While the driving experience remains unremarkable, all Corolla Hybrids now come equipped with the Toyota Safety Sense 3.0 suite of driver assistance systems. The big news is the addition of Proactive Driving Assist, which includes Obstacle Anticipation Assist and Deceleration Assist. It provides “gentle braking and/or steering support to help control [the] distance between your vehicle and a preceding vehicle, pedestrian or bicyclist, or to help the driver stay within the lane.”
The suite also includes Full-Speed Range Dynamic Radar Cruise Control, Road Sign Assist, Lane Tracing Assist (Lane Centering), and a Pre-Collision System with Pedestrian and Cyclist Detection. They’re joined by Auto High Beams and Lane Departure Alert with Steering Assist.

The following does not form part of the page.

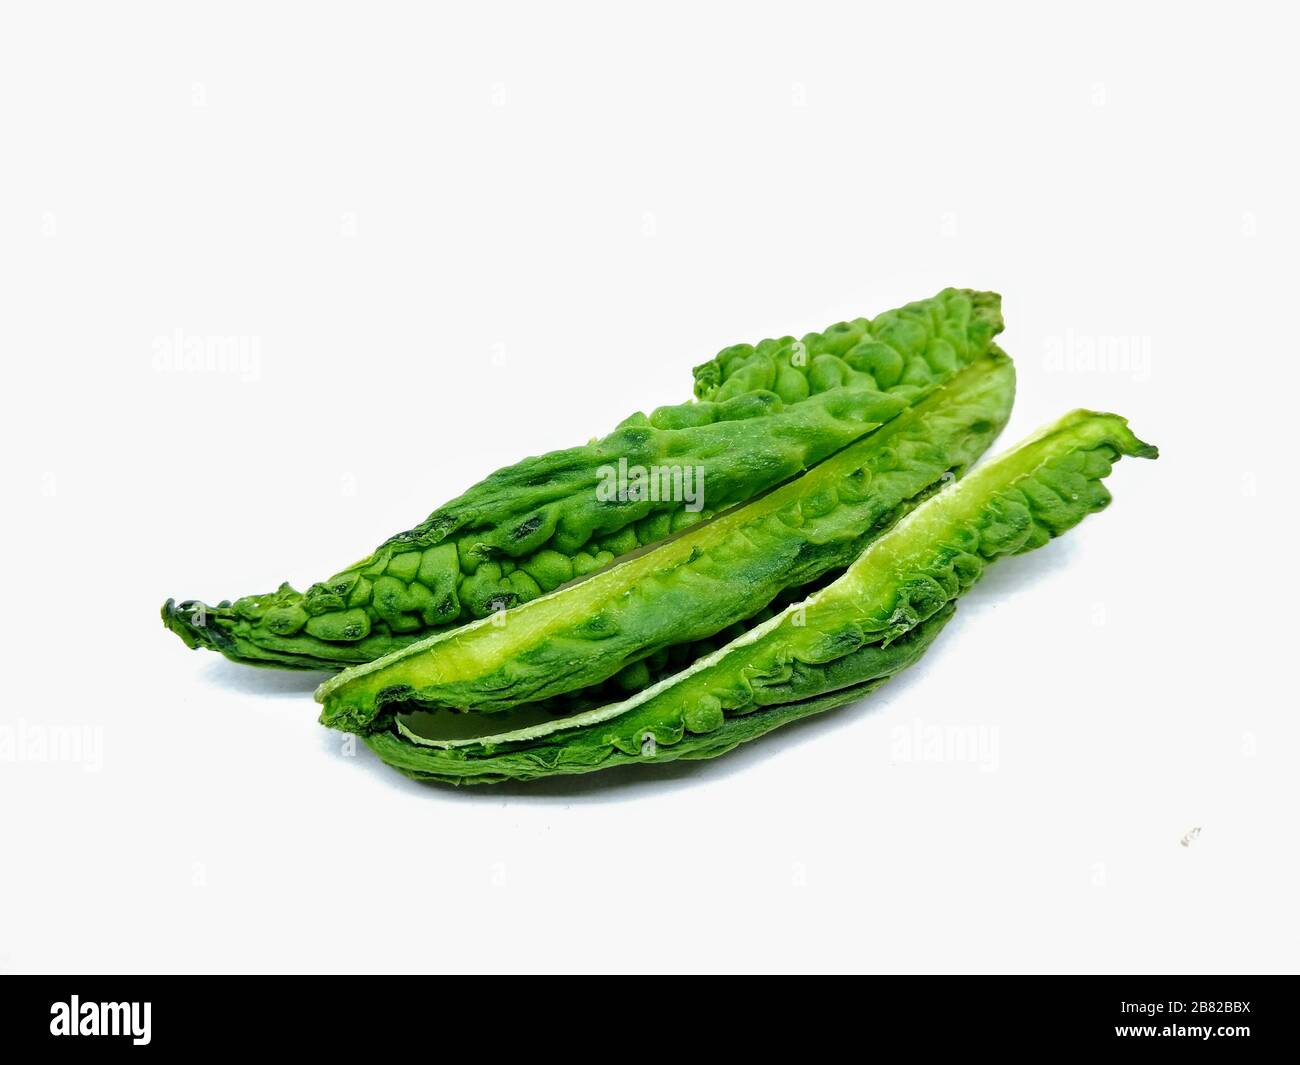 Bitter gourd plant Cut Out Stock Images & Pictures - Alamy

A Cheaper, More Capable Corolla

The 2023 Toyota Corolla Hybrid isn’t a radical departure, but it’s far more appealing thanks to a $1,250 price cut, improved performance, a modern infotainment system, and the availability of all-wheel drive.
That being said, there are some tradeoffs as the entry-level model loses some previously standard equipment and fuel economy ratings take a significant hit. However, it’s hard to fault numbers of up to 50 mpg city, 43 mpg highway, and 47 mpg combined – especially when the national average price of gasoline is hovering around $3.90 per gallon.
So while the Corolla Hybrid isn’t terribly exciting, it’s a solid, fuel-sipping companion that’s comfortable and relatively spacious. It also promises to be a viable option in colder climates, where all-wheel drive crossovers typically dominate.